### PROBLEM REQUIREMENTS
Each line below from the line with "Image showing Sydney" to the line with "Cuadro de Madrid sobre pared blanca.jpg" must be copied exactly, including those two, and no picture may appear in the copy.

(GIVEN RECORDS)

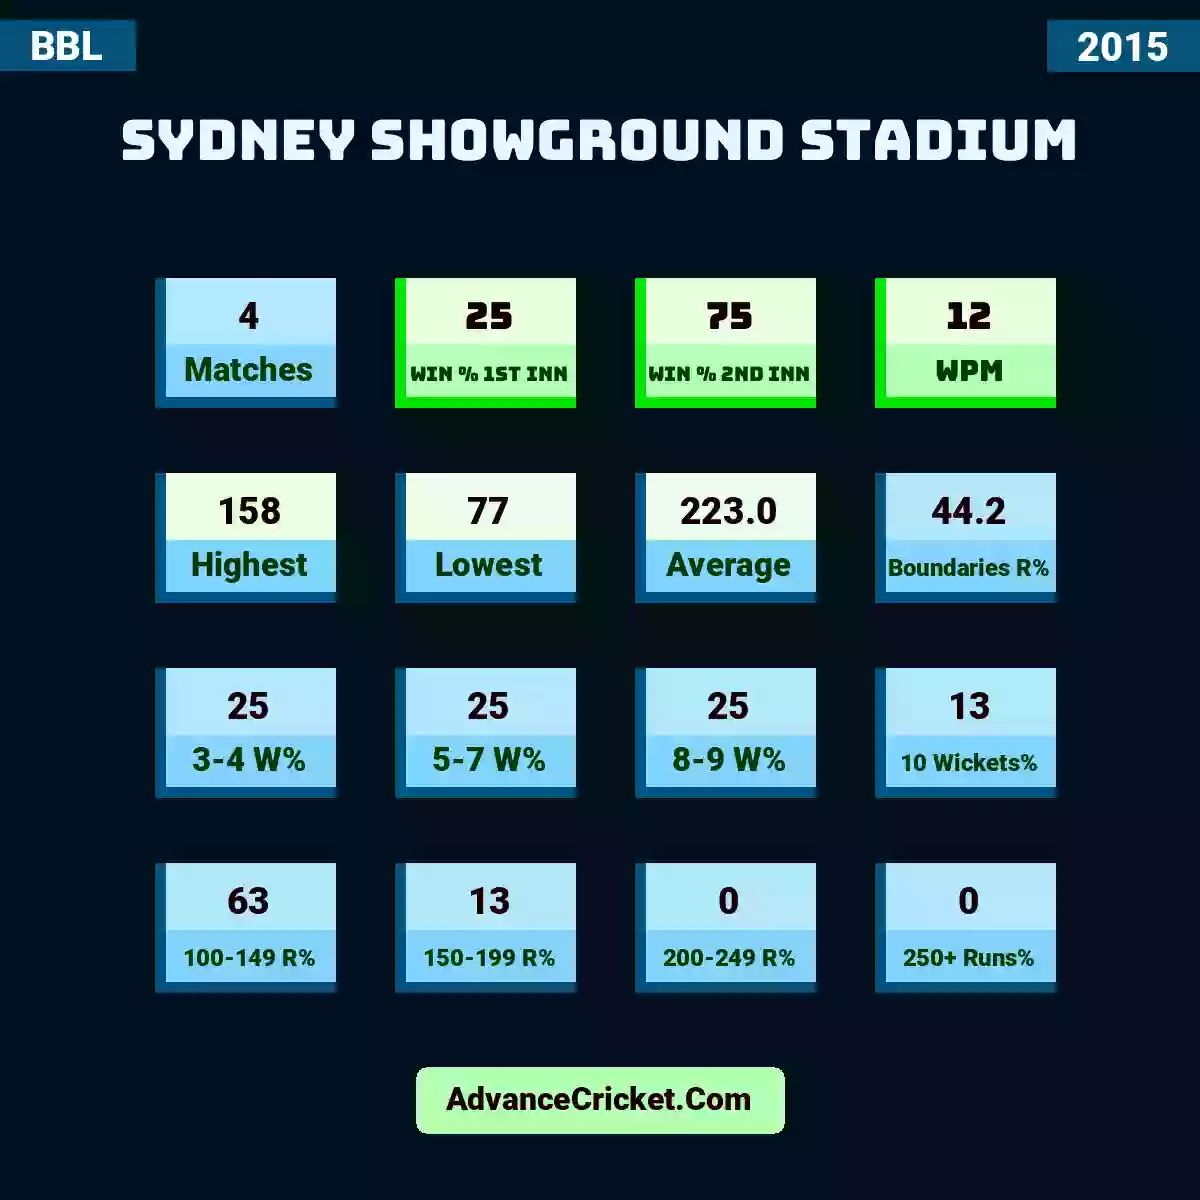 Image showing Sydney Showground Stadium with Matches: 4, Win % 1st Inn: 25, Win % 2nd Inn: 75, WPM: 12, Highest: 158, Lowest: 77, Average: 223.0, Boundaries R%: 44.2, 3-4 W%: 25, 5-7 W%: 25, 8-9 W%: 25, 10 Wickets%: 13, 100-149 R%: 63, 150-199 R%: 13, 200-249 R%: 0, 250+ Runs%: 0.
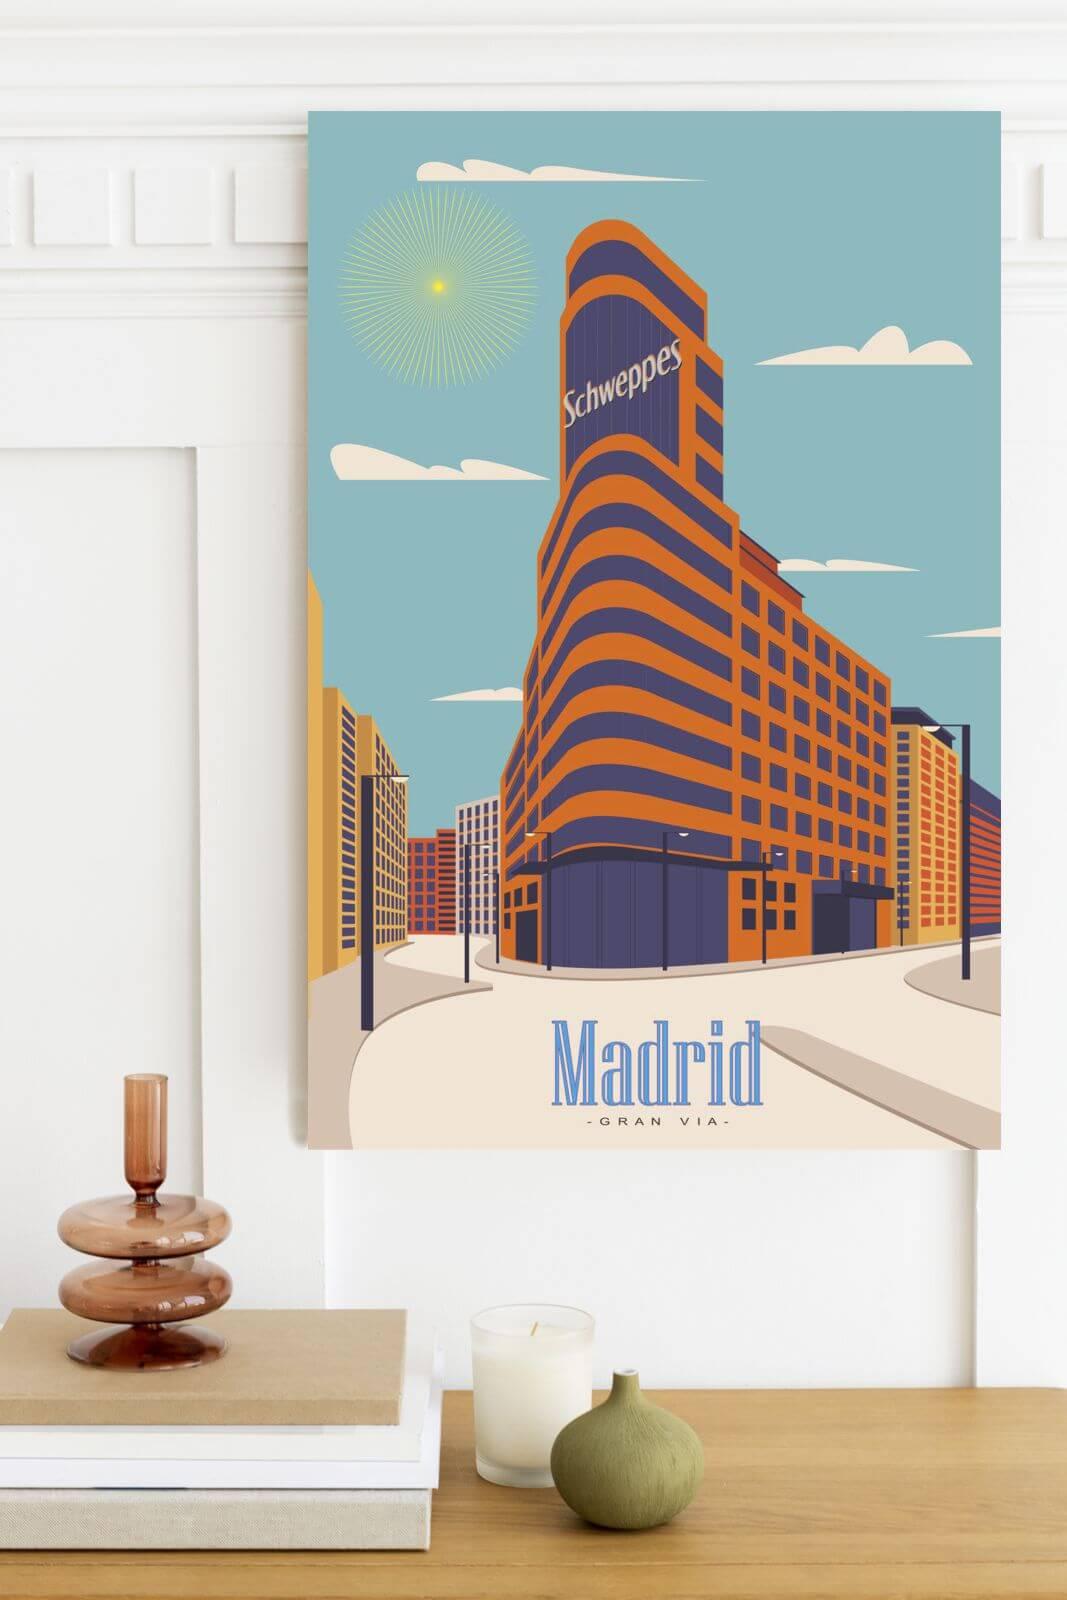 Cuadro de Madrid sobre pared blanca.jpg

(End GIVEN RECORDS)
(GIVEN RECORDS)

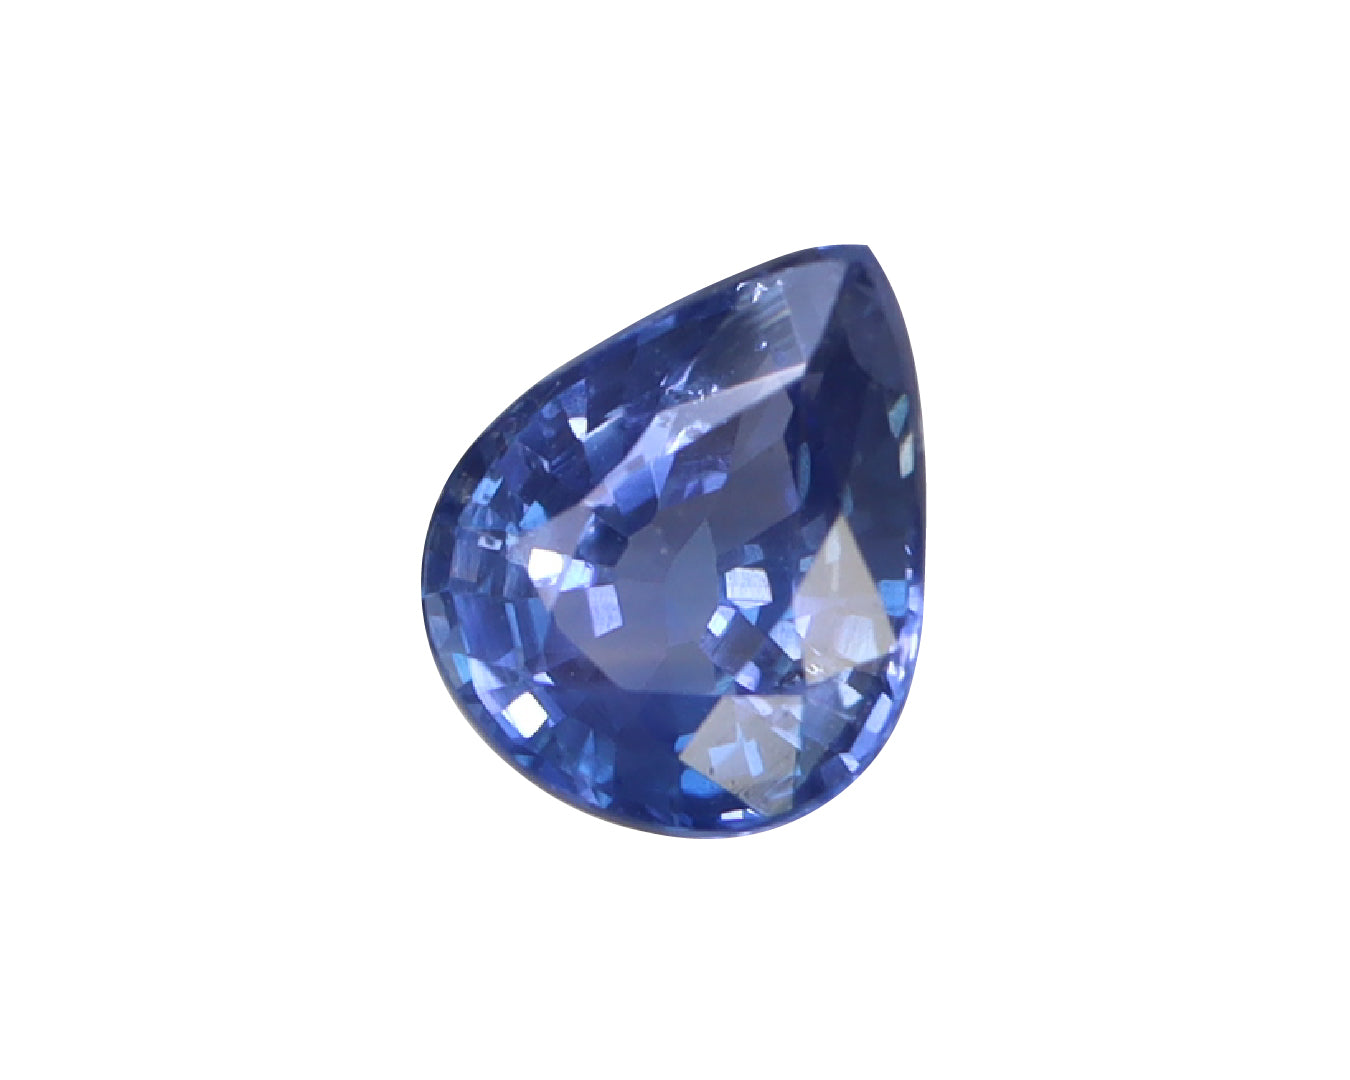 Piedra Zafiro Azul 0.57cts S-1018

(End GIVEN RECORDS)

### RESPONSE TO THIS TASK
 Image showing Sydney Showground Stadium with Matches: 4, Win % 1st Inn: 25, Win % 2nd Inn: 75, WPM: 12, Highest: 158, Lowest: 77, Average: 223.0, Boundaries R%: 44.2, 3-4 W%: 25, 5-7 W%: 25, 8-9 W%: 25, 10 Wickets%: 13, 100-149 R%: 63, 150-199 R%: 13, 200-249 R%: 0, 250+ Runs%: 0.
 Cuadro de Madrid sobre pared blanca.jpg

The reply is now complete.